Axisymmetry vs. nonaxisymmetry of a Taylor-Couette flow with azimuthal magnetic fields

The instability of a supercritical Taylor-Couette flow of a conducting fluid with resting outer cylinder under the influence of a uniform axial electric current is investigated for magnetic Prandtl number Pm=1. In the linear theory the critical Reynolds number for axisymmetric perturbations is not influenced by the current-induced axisymmetric magnetic field but all axisymmetric magnetic perturbations decay. The nonaxisymmetric perturbations with m=1 are excited even without rotation for large enough Hartmann numbers ("Tayler instability"). For slow rotation their growth rates scale with the Alfv\'en frequency of the magnetic field but for fast rotation they scale with the rotation rate of the inner cylinder. In the nonlinear regime the ratio of the energy of the magnetic m=1 modes and the toroidal background field is very low for the non-rotating Tayler instability but it strongly grows if differential rotation is present.
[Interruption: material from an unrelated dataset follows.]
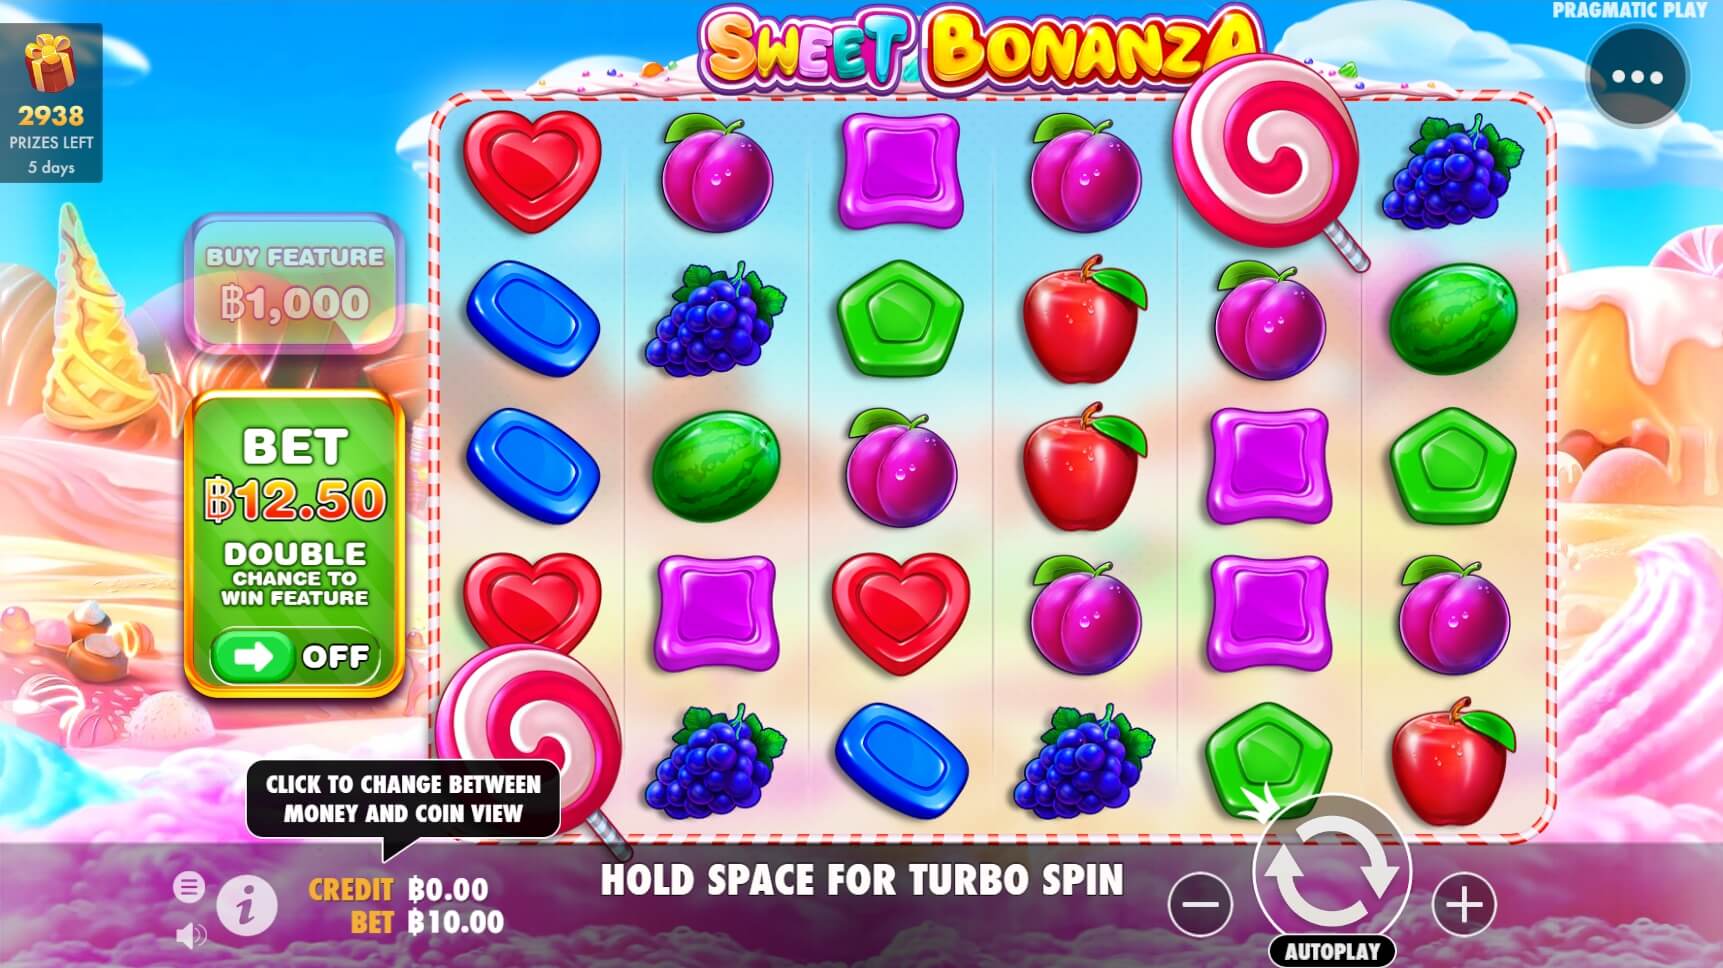 Sweet Bonanza Pragmatic Play slotxo auto
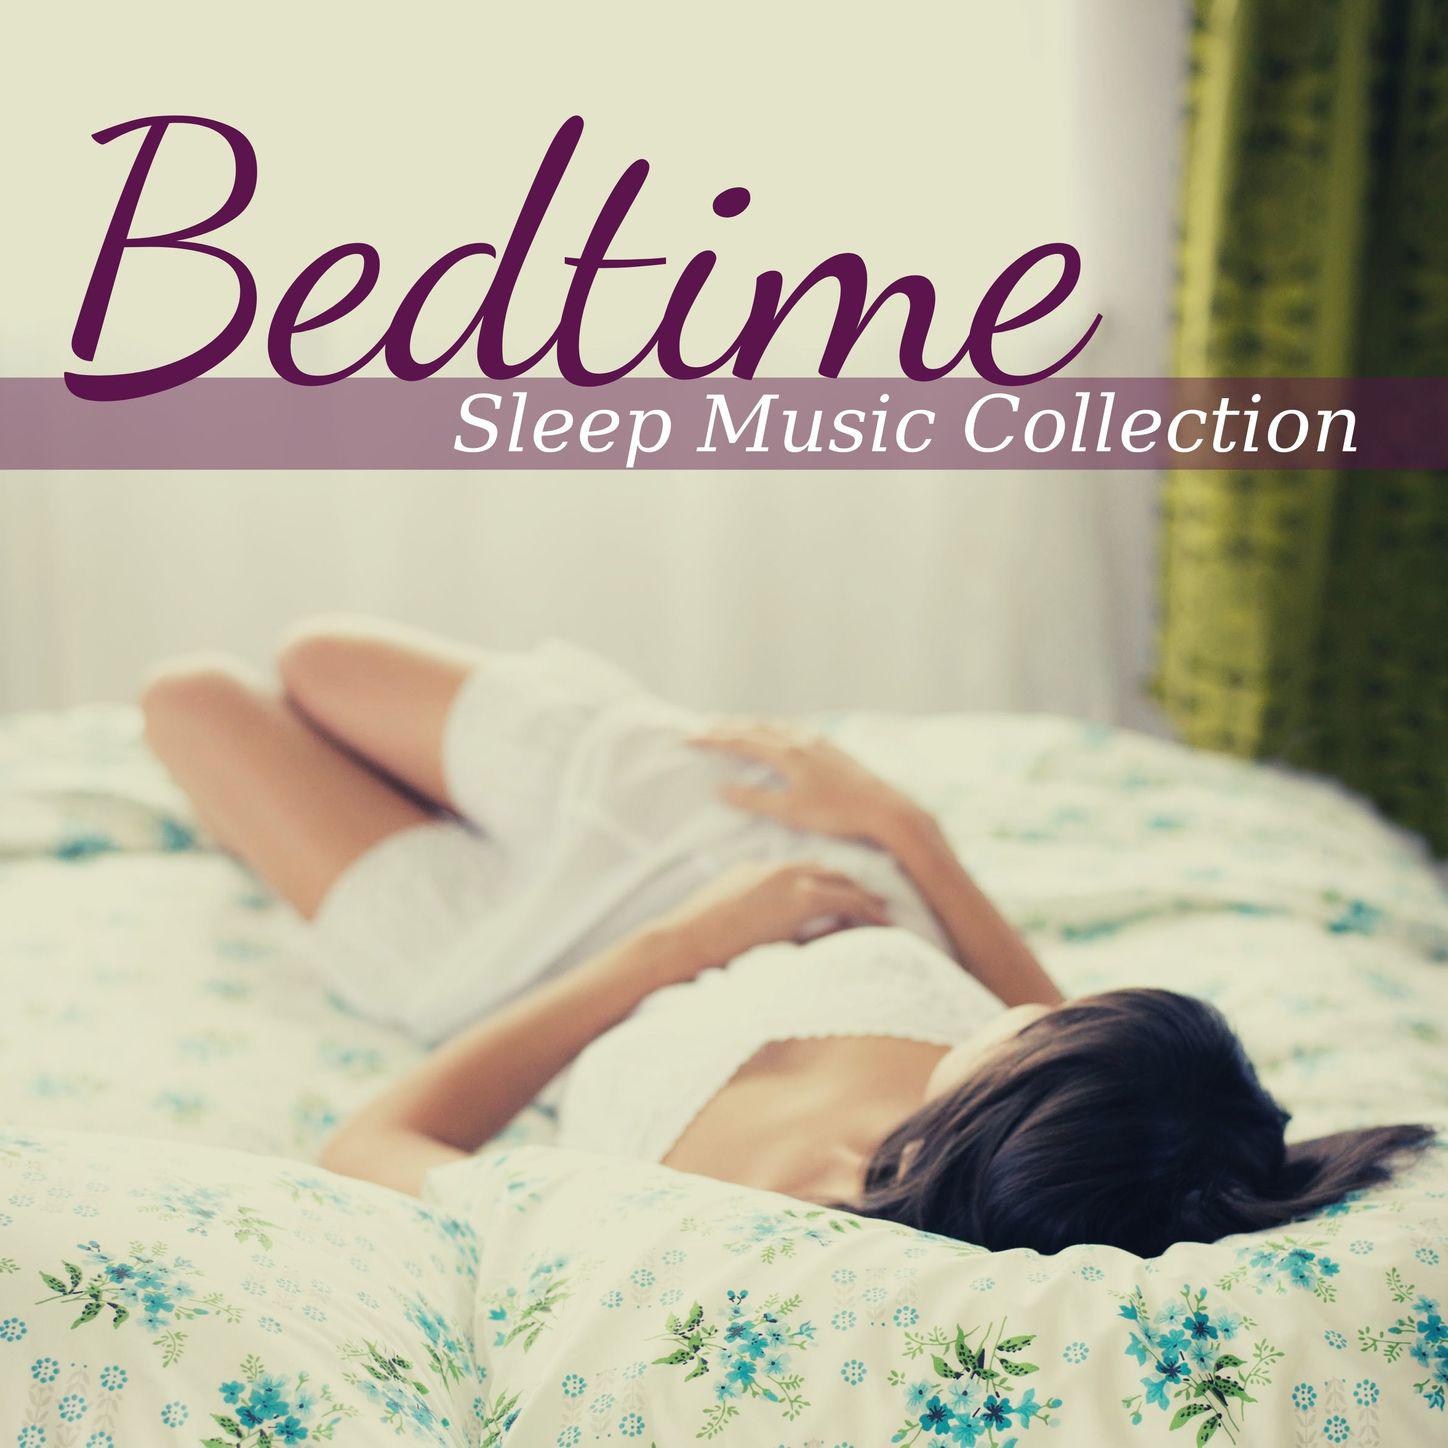 Bedtime: Sleep Music Collection

For super-Alfv\'enic rotation the energies in the m=1 modes of flow and field do not depend on the molecular viscosity, they are almost in equipartition and contain only 1.5% of the centrifugal energy of the inner cylinder. The geometry of the excited magnetic field pattern is strictly nonaxisymmetric for slow rotation but it is of the mixed-mode type for fast rotation -- contrary to the situation which has been observed at the surface of Ap stars.